Well that’s the confession…I am human.  I am not bothered by the whole situation…actually it gives the quilt a story.  Years from now when the quilt is here and I’m showing it to someone, the quilt can speak to the day it was made.  The twisted block is like a memory marker.  I can remember what was going on over the couple days I frantically sewing trying to get the quilt finished to meet the deadline.  It will speak to the snowy, stormy day that I took as a blessing so that I could just settle in and sew for the day.  I can vividly remember the first time I felt the fabric…honestly, it’s the softest quilting fabric I’ve worked with.  I can remember Gracie laying all on the blocks as I laid them out on the floor wanting to get her picture taken….all in all….those twisted blocks are memory markers..good memory markers.

26 thoughts on “They Say Confession is Good for the Soul…”

  1. Barbara Honey

    Great confession — I’m sure a lot of readers can relate. I know I can. I hand quilted a quilt and was ready to bind it when a friend stopped in and when I was showing it to her I noticed that I had twisted a block. Fortunately it was on the last row and I was able to take out the quilting and fix it. That quilt brings memories of my friend who has since passed.
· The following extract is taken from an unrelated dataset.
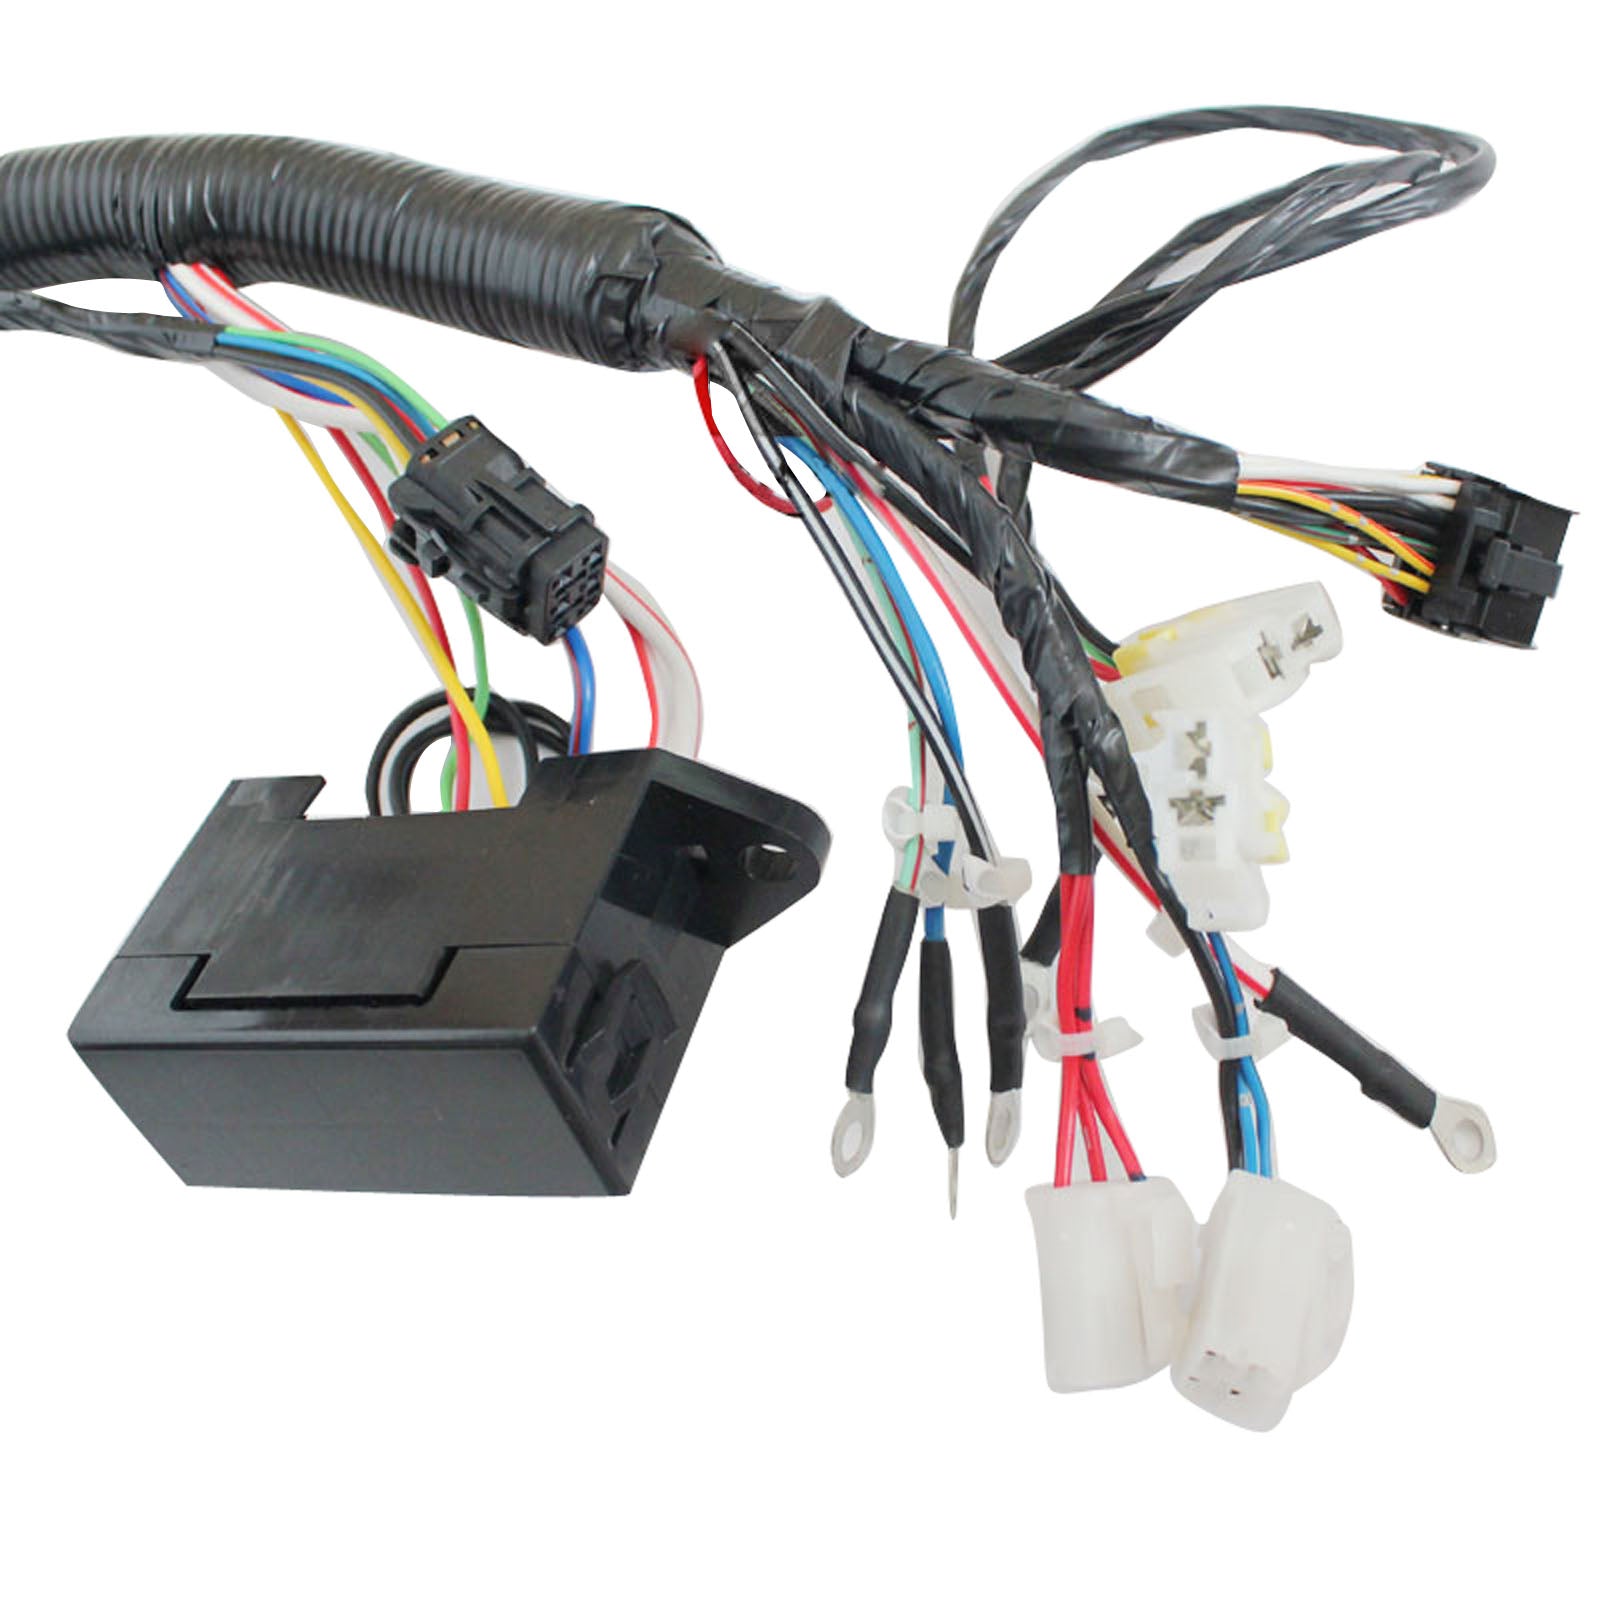 201-06-73113 Internal Wiring Harness for Excavator PC60-7 PC70-7

  2. LOL Love it!! I think it is so funny!!! When I was looking at your quilt, the one for moda and reading about it, I saw the little ribbon shape with the diamonds and thought that is how it’s suppose to be! I thought it was kinda cool because it was a ribbon shape and I assumed it was an awareness thing. This has happened many times to me before!

    What makes me feel better is that I consider you a great quilter and it’s nice to see that even the great ones make mistakes time from time!!:D

    Have a great day!!

  3. Your quilt is beautiful. The feelings you have about your mistake being a memory marker make it even more so. I have read several places that Amish quilters will purposely make a mistake, called a “humility block.” They feel God is the only one capable of perfection. Someone told me that Native Americans will do the same with their beading for the same reason. Maybe our “mistakes” are meant to be.

    Thank you for sharing such a nice pattern.

  4. Christine Martinson

    I really like the colors in your Bake Shop and it is really nice the way it is. It is also a great lesson for me to be careful and I can get lost in my thoughts when sewing. Thanks for the confession.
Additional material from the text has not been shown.